DATASET EXCERPT -
┄┄┄┄┄┄┄┄┄┄┄┄┄┄┄┄┄┄┄┄

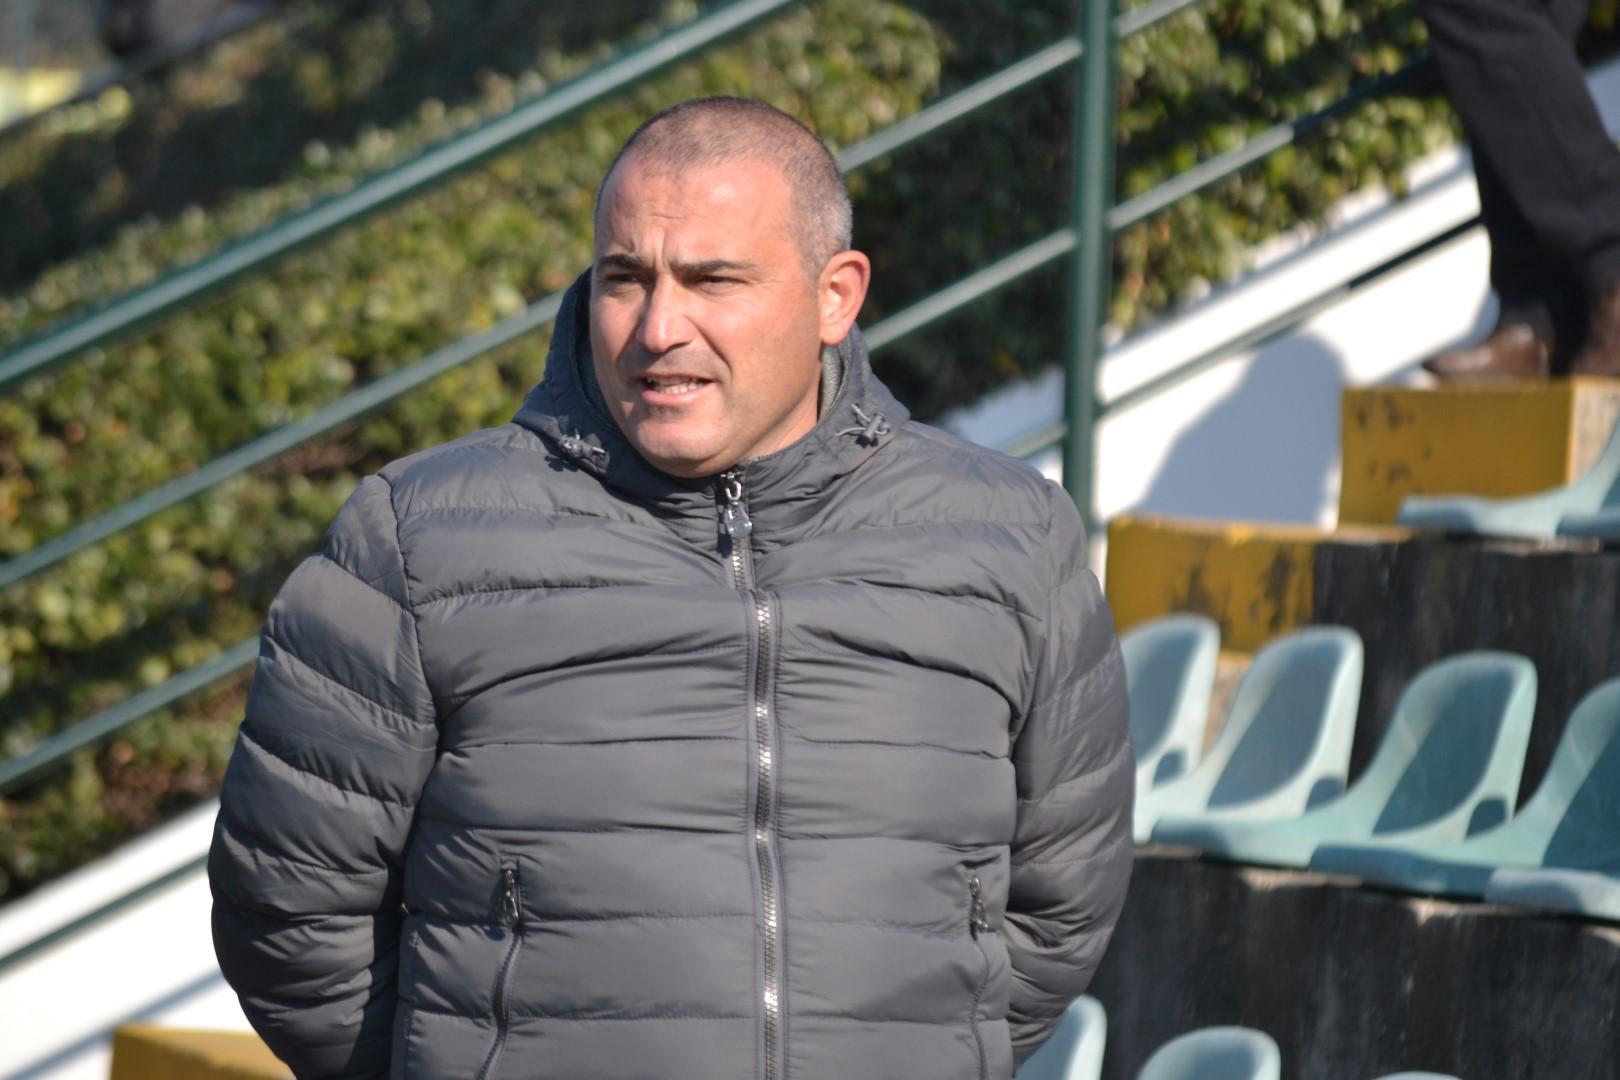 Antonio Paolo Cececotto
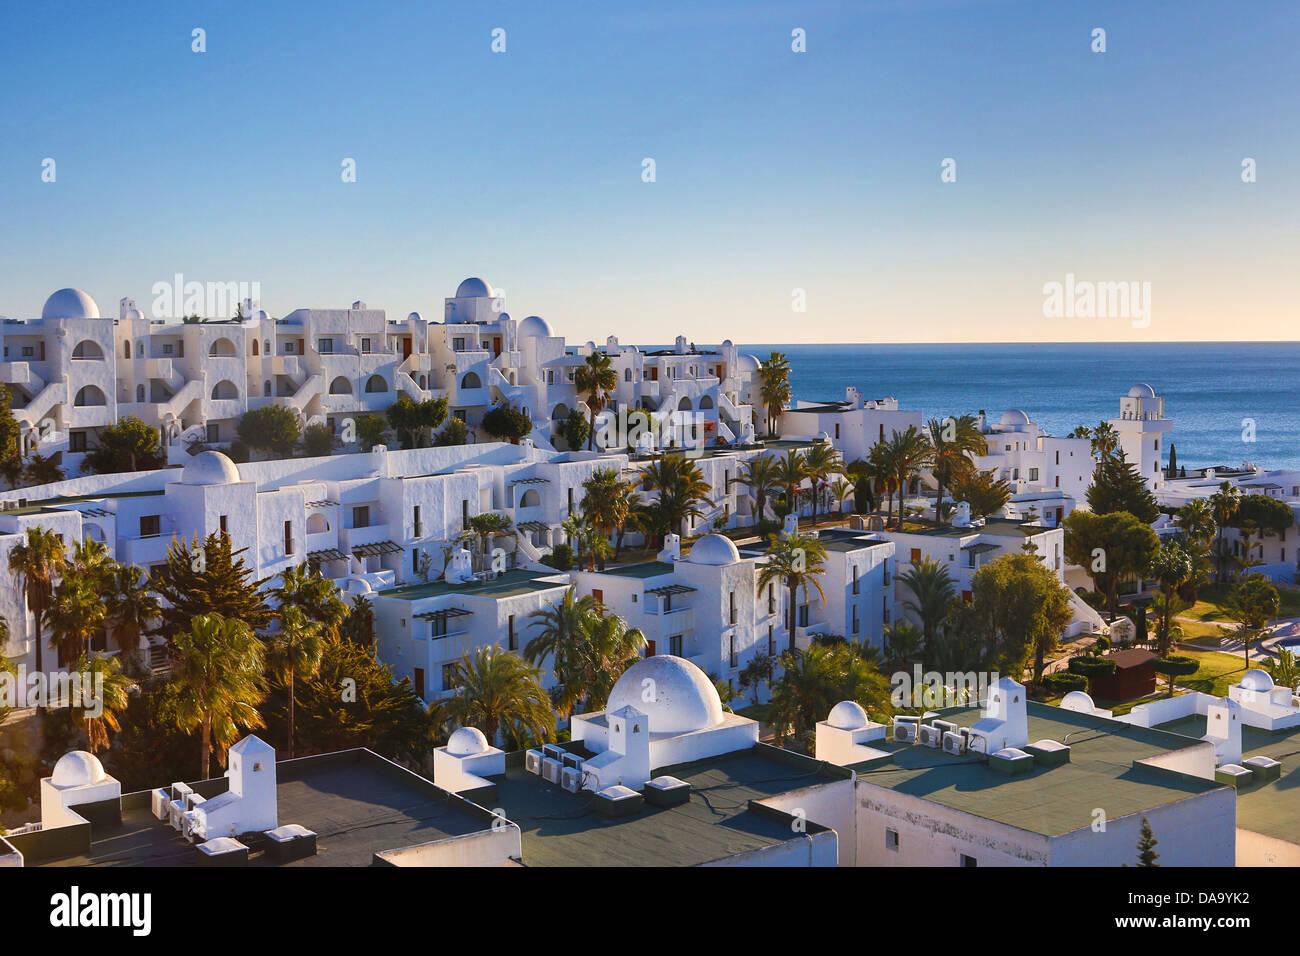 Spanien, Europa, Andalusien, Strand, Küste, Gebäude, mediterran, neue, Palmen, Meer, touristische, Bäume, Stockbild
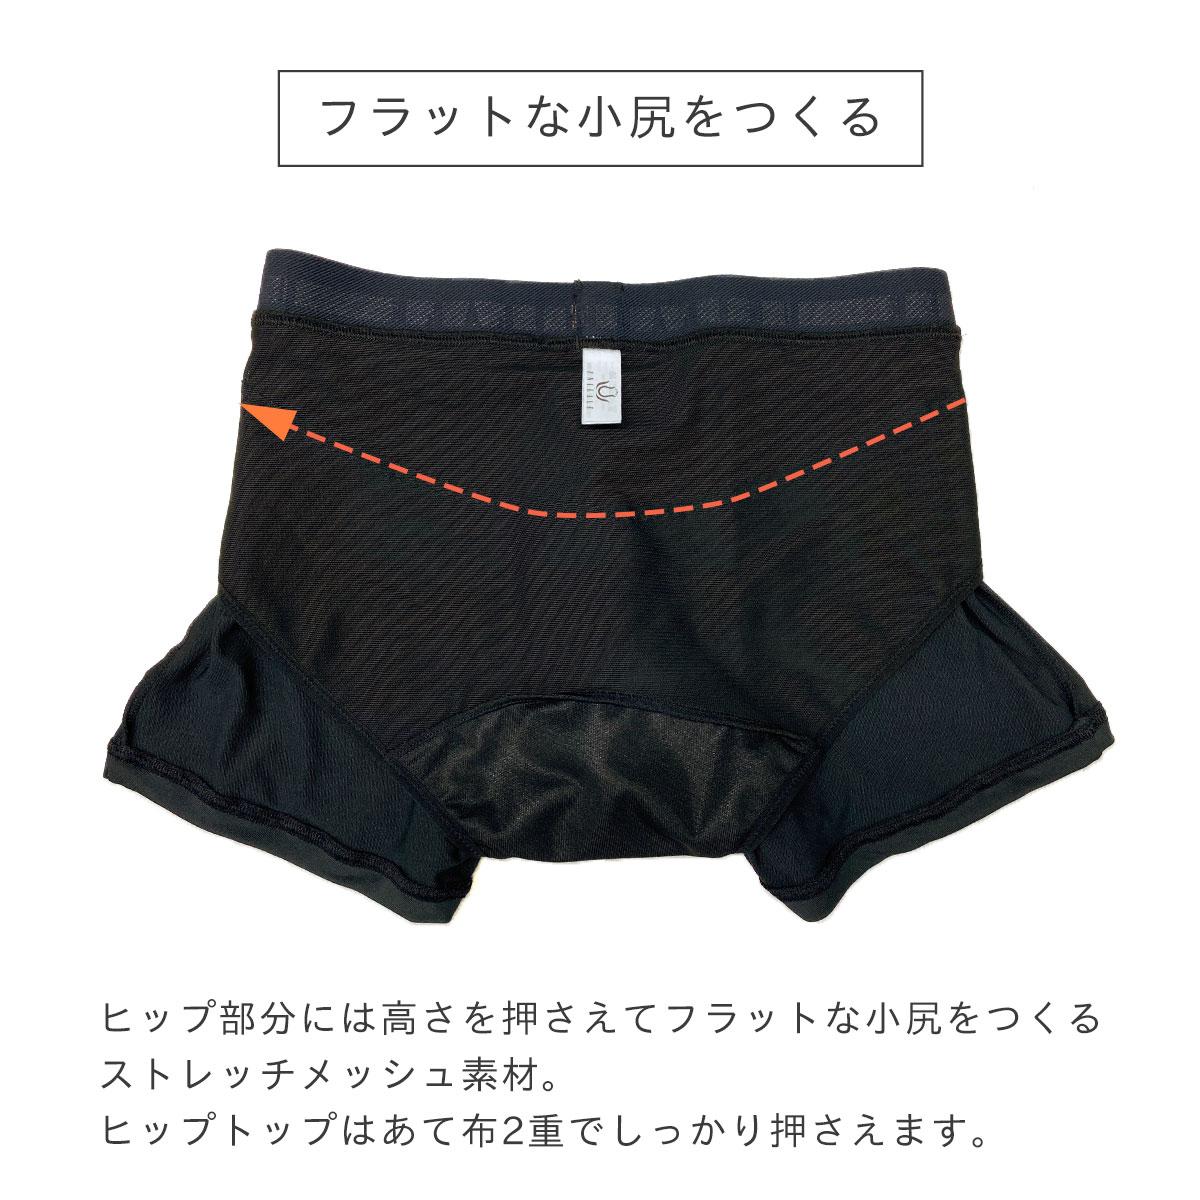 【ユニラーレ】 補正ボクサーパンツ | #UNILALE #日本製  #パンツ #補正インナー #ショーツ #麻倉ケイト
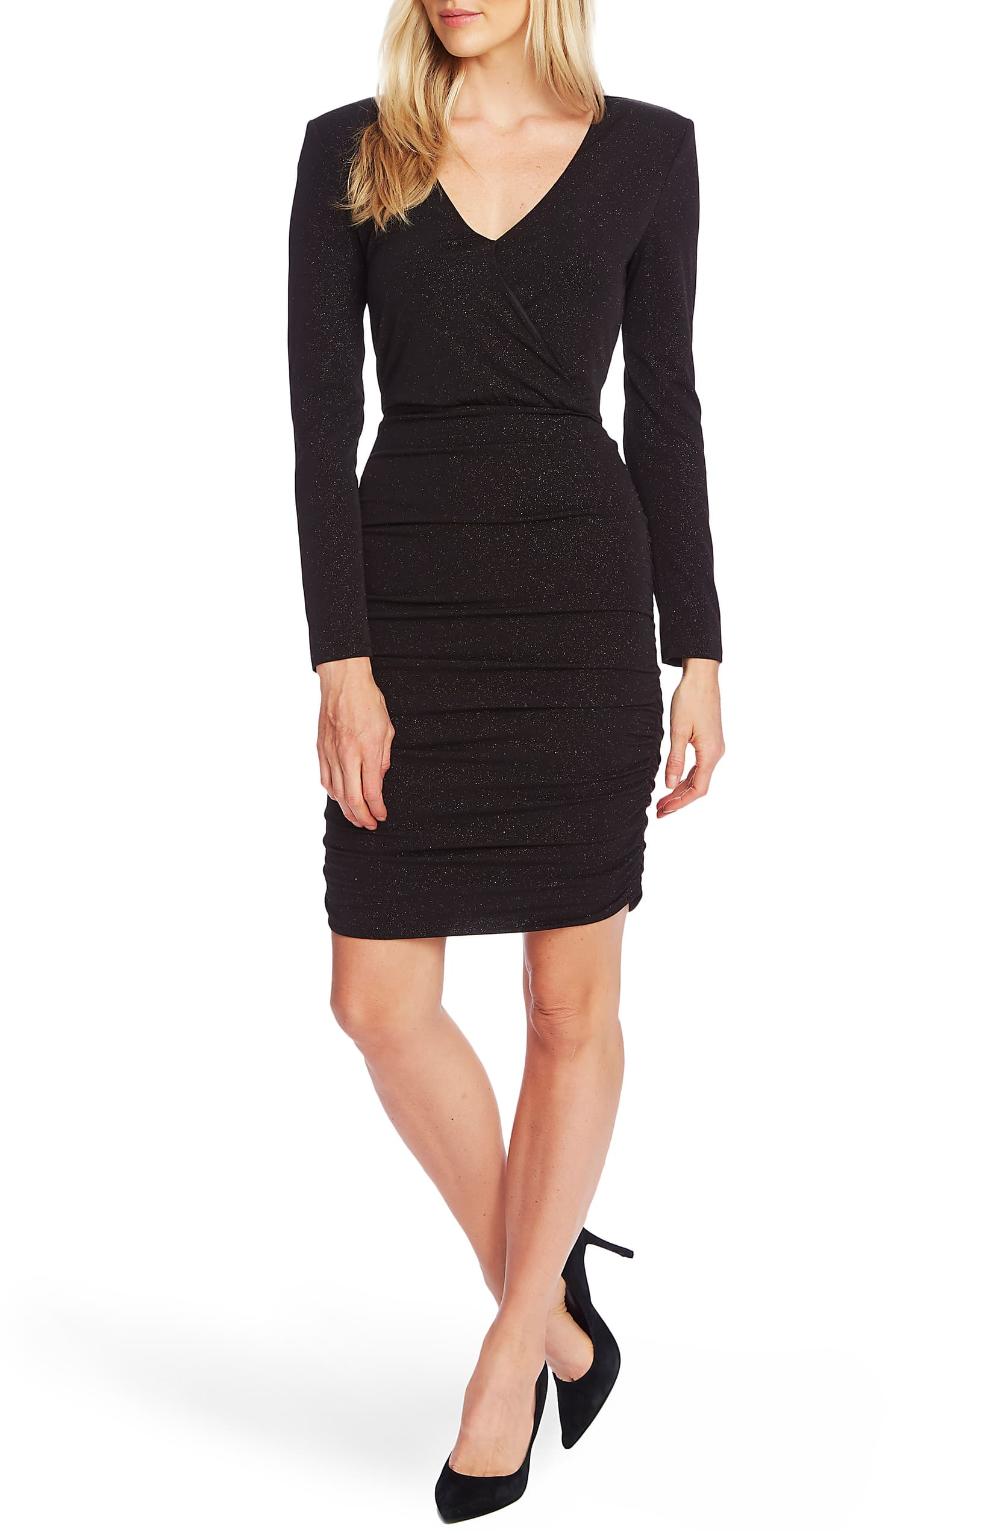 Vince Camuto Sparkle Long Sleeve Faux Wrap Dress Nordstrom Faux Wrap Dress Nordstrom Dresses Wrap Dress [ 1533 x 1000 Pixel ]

┄┄┄┄┄┄┄┄┄┄┄┄┄┄┄┄┄┄┄┄

WHAT YOU HAVE TO DO - Copy out all the data above exactly, minus the images.

THE ANSWER -
 Antonio Paolo Cececotto
 Spanien, Europa, Andalusien, Strand, Küste, Gebäude, mediterran, neue, Palmen, Meer, touristische, Bäume, Stockbild
 【ユニラーレ】 補正ボクサーパンツ | #UNILALE #日本製  #パンツ #補正インナー #ショーツ #麻倉ケイト
 Vince Camuto Sparkle Long Sleeve Faux Wrap Dress Nordstrom Faux Wrap Dress Nordstrom Dresses Wrap Dress [ 1533 x 1000 Pixel ]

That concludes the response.